(Information supplied):
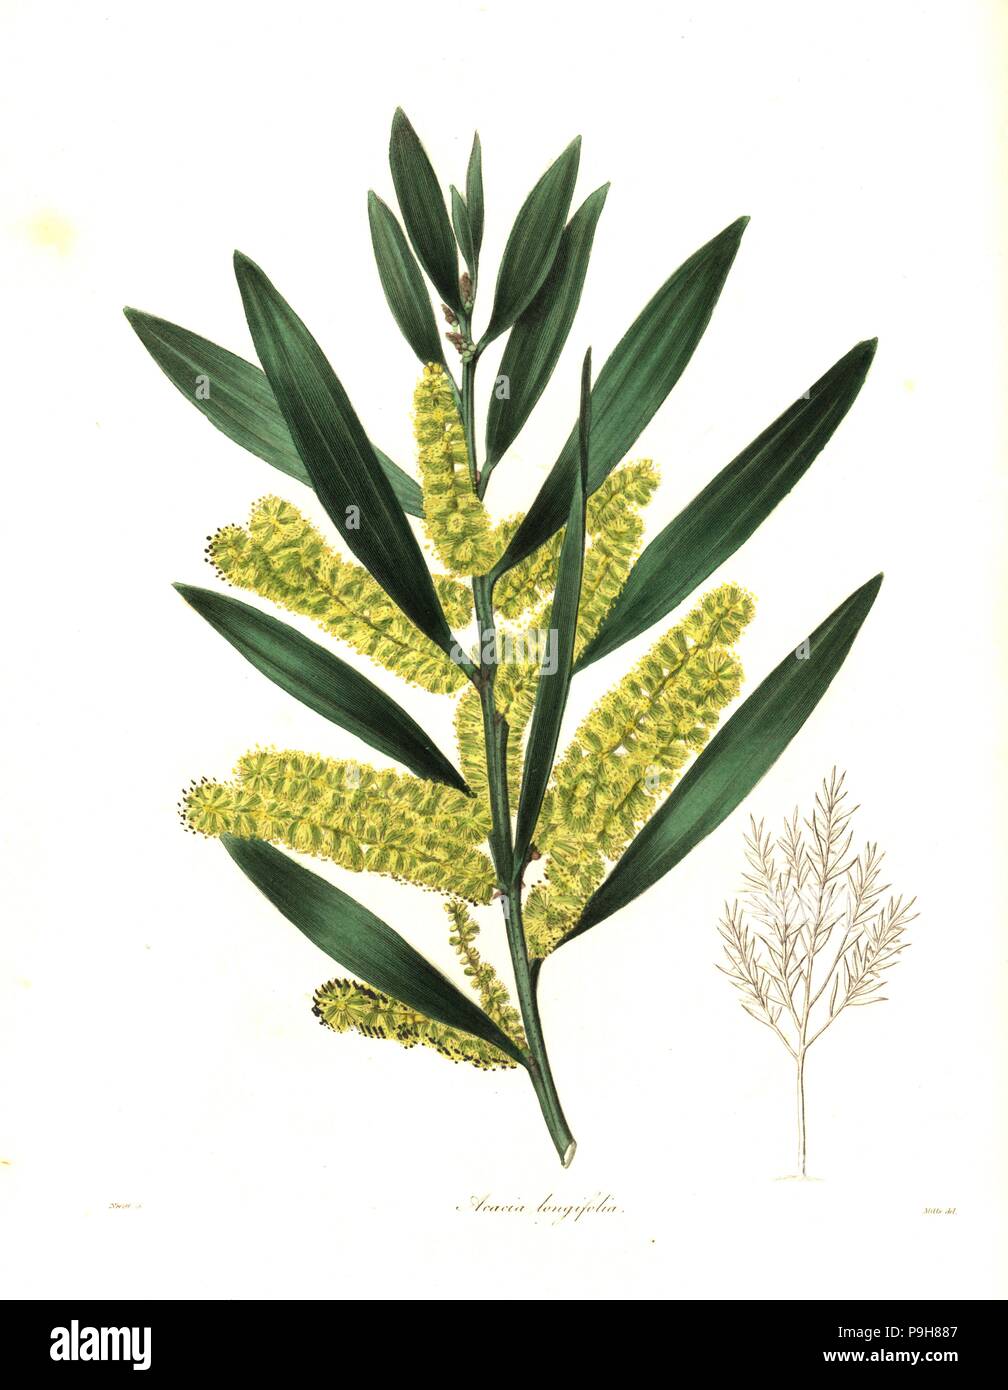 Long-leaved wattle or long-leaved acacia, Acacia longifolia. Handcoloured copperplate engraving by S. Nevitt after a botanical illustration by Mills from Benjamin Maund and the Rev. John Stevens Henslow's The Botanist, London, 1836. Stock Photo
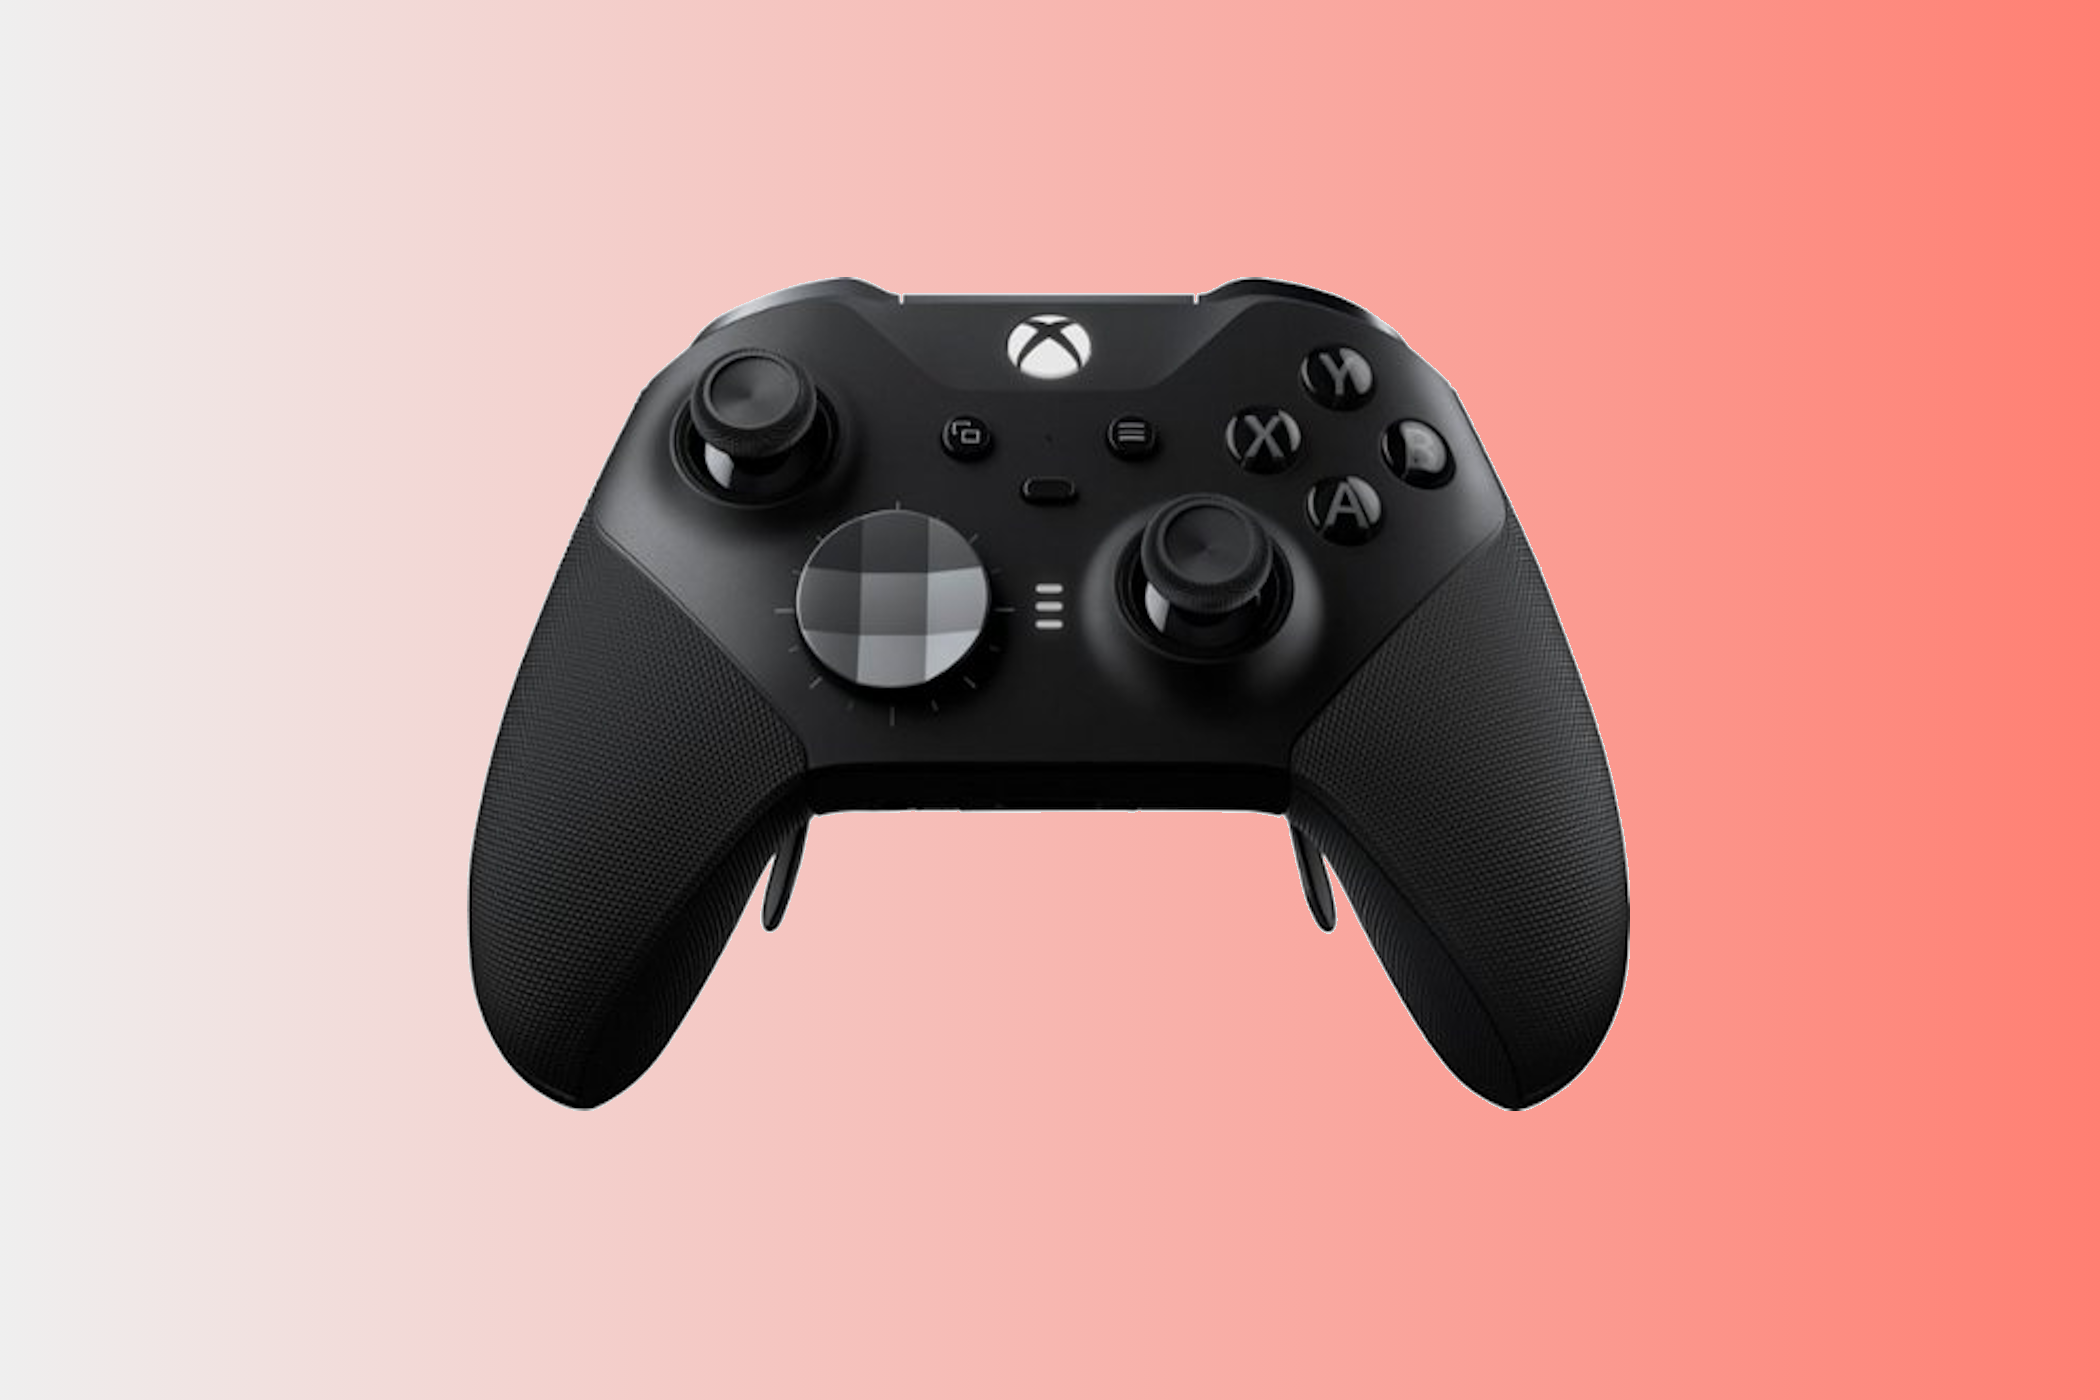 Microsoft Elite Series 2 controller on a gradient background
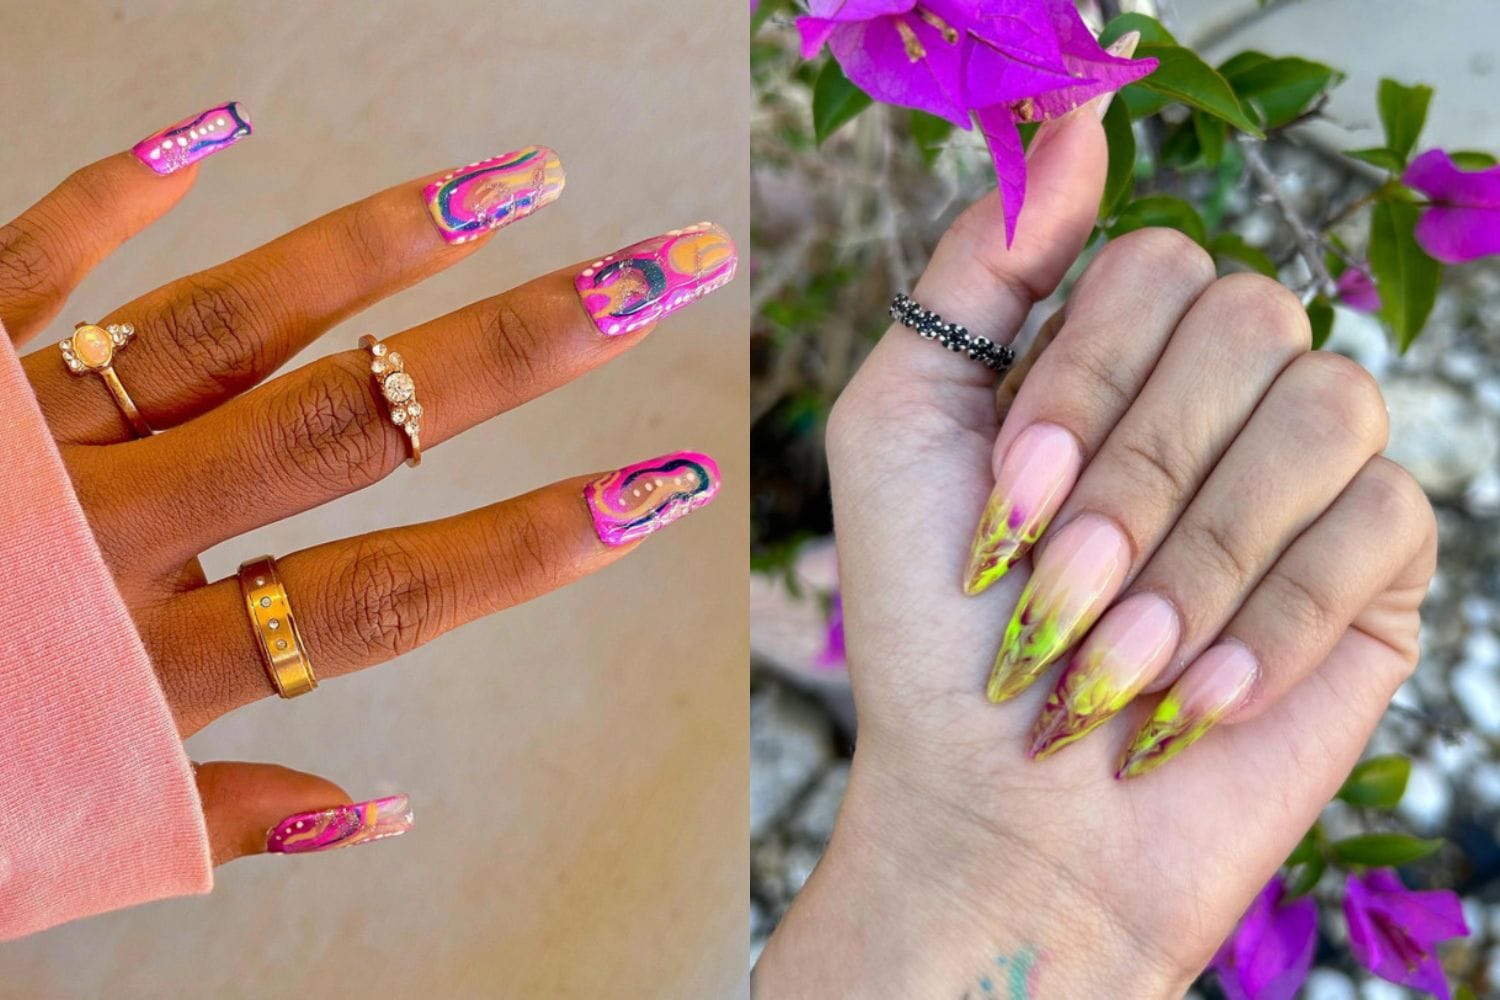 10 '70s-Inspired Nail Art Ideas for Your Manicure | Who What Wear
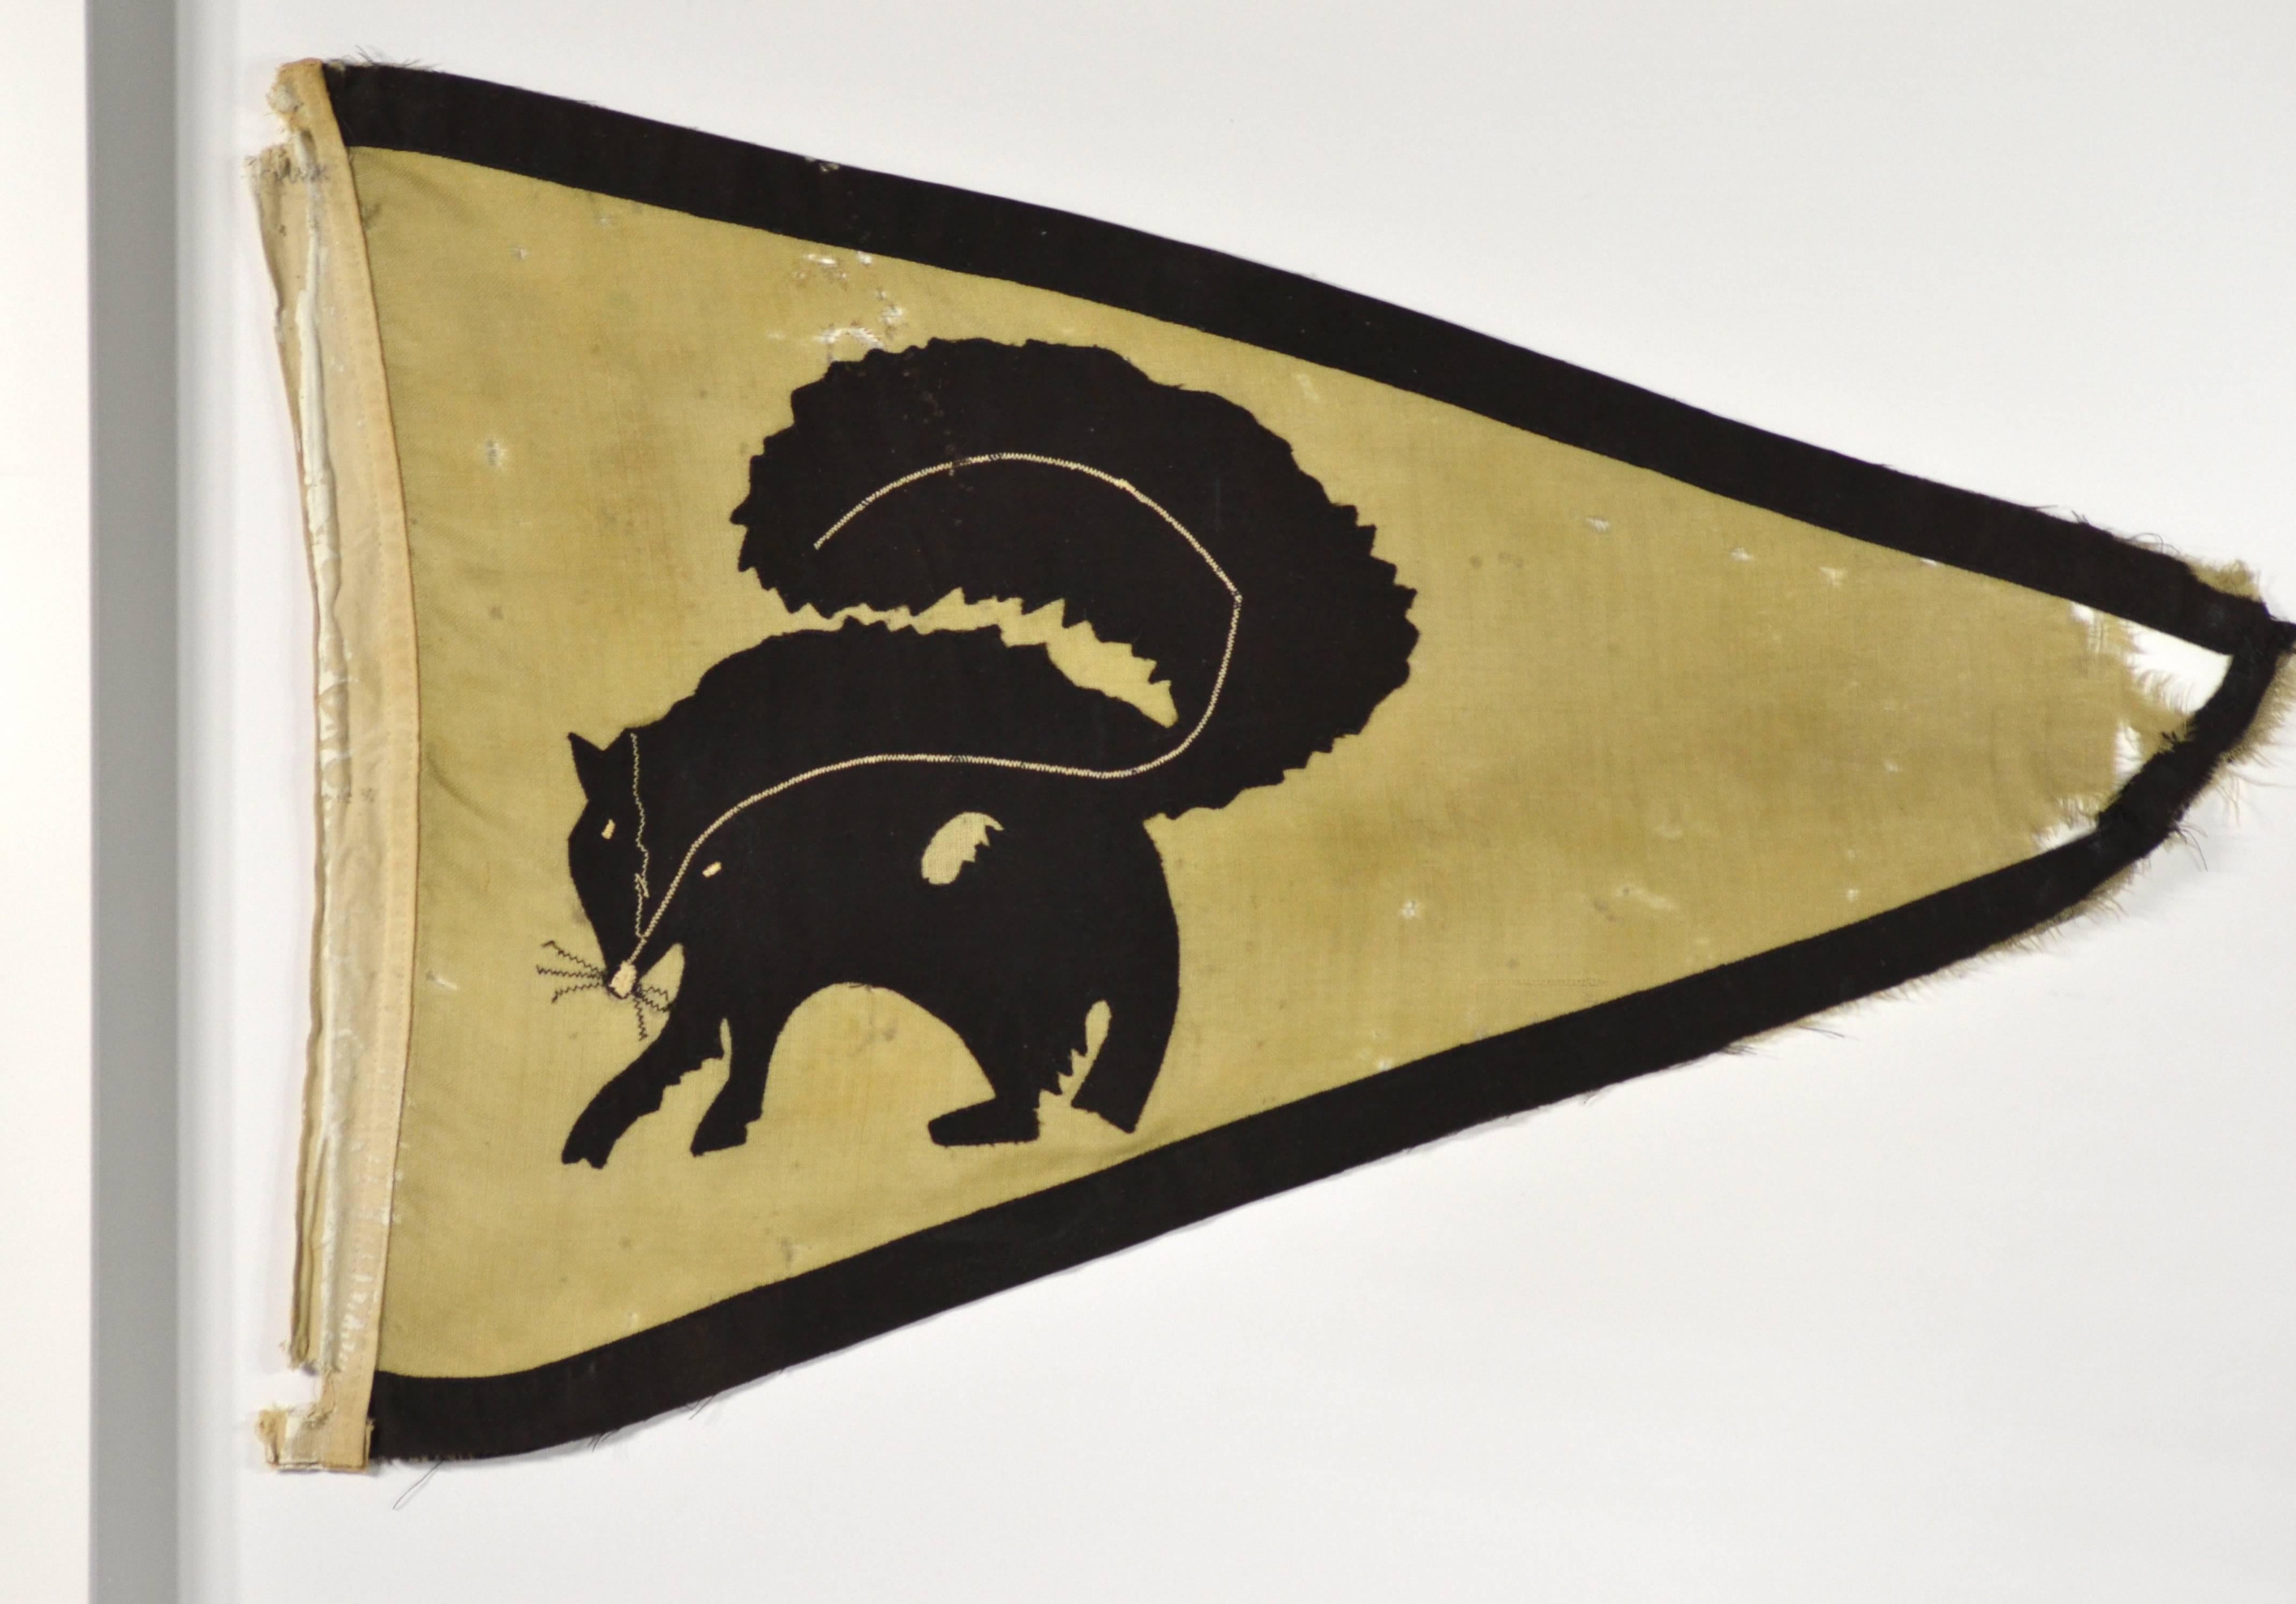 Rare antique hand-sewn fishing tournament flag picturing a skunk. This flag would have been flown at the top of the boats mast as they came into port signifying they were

(What you have to do):
Take the line with "10 '70s-Inspired Nail" and every line after it through the end of the data, and write only them out exactly, leaving out the pictures.

(Exercise output):
 10 '70s-Inspired Nail Art Ideas for Your Manicure | Who What Wear
 Rare antique hand-sewn fishing tournament flag picturing a skunk. This flag would have been flown at the top of the boats mast as they came into port signifying they were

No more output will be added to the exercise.